Reputation: 53
I need a help to know how to find the optimal number of number of clusters using k-means cluster in R.
My code is
library(cluster)
library(factoextra)
#read data
data<-read.csv("..\file.txt",header=FALSE, sep=" ")
#determine number of clusters to use
k.max<- 22
wss <- sapply(2:k.max, function(k){kmeans(data, k, nstart=10 )$tot.withinss})
print(wss)
plot(2:k.max, wss, type="b", pch = 19, xlab="Number of clusters K", ylab="Total within-clusters sum of squares")
fviz_nbclust(data, kmeans, method = "wss") + geom_vline(xintercept = 3, linetype = 2)
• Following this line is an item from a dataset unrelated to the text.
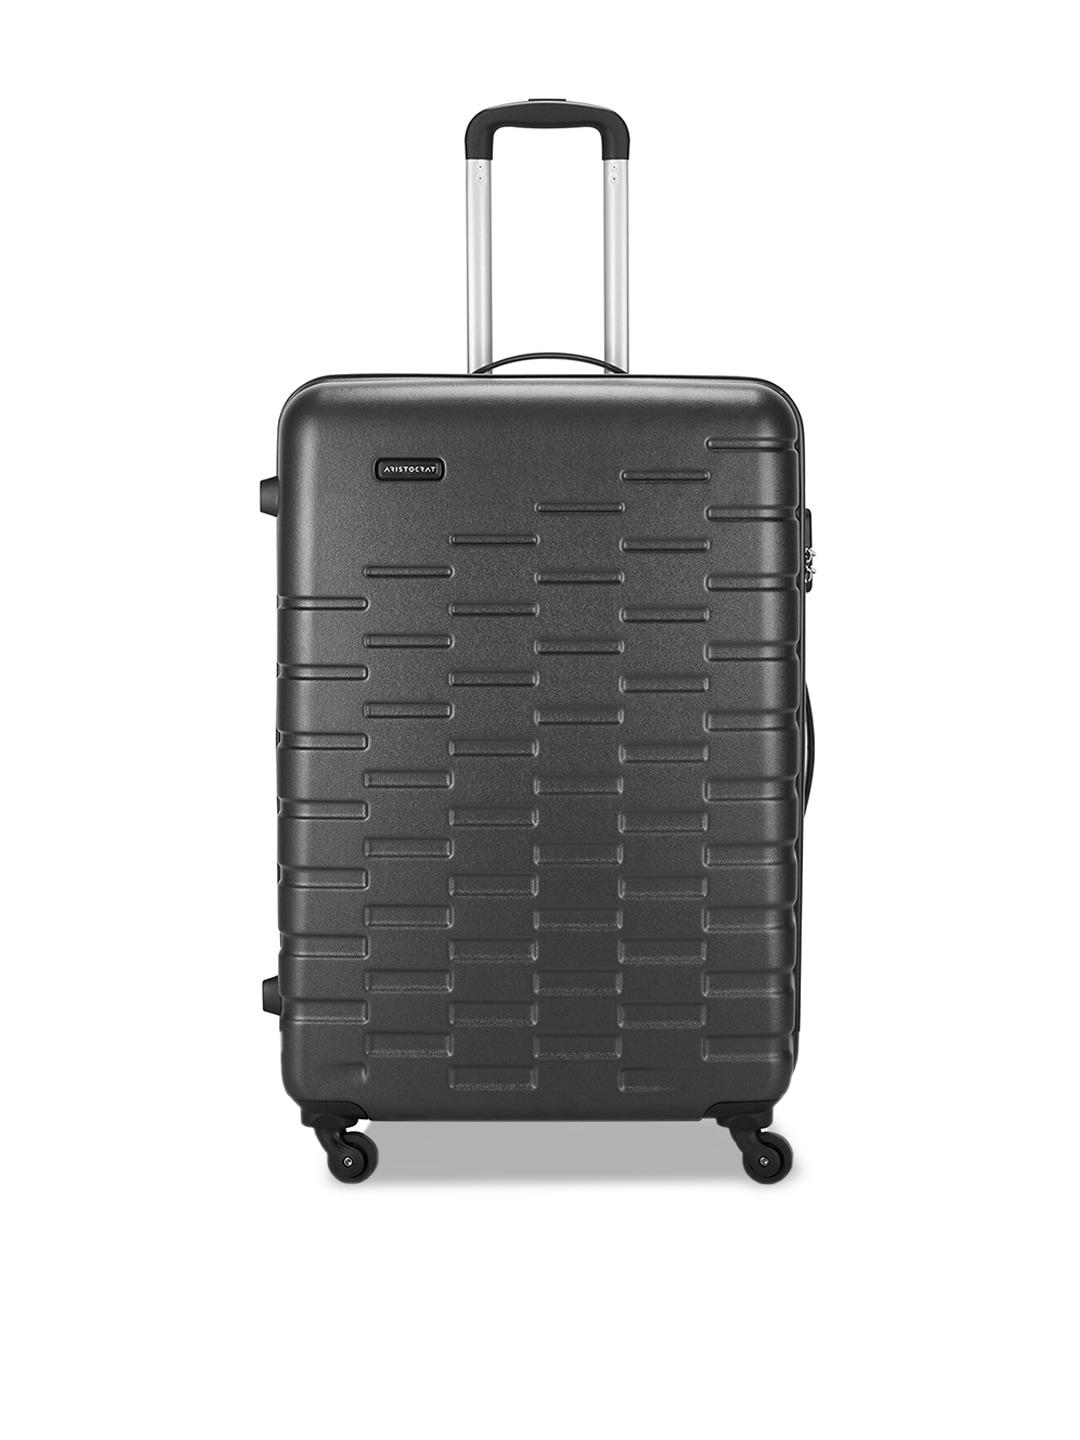 Aristocrat Textured Water Resistant Hard-Sided Large Trolley Suitcase Bag

I get the plot, but I still do not know how to find the number?
Thanks
Upvotes: 3
Views: 10858
Reputation: 41
n_clust<-fviz_nbclust(df, kmeans, method = "silhouette",k.max = 30)
n_clust<-n_clust$data
max_cluster<-as.numeric(n_clust$clusters[which.max(n_clust$y)])
Upvotes: 4
Reputation: 77454
There is no sound mathematical definition of the "elbow" (because of having different scales on x and y, there is no angle), and in plots like yours there probably is no "elbow" at all.
Most likely, k-means did not work for any k. This happens quite often. For example if your data doesn't contain clusters.
Try generating uniform data, and do the same plot - it will look similar.
Upvotes: 0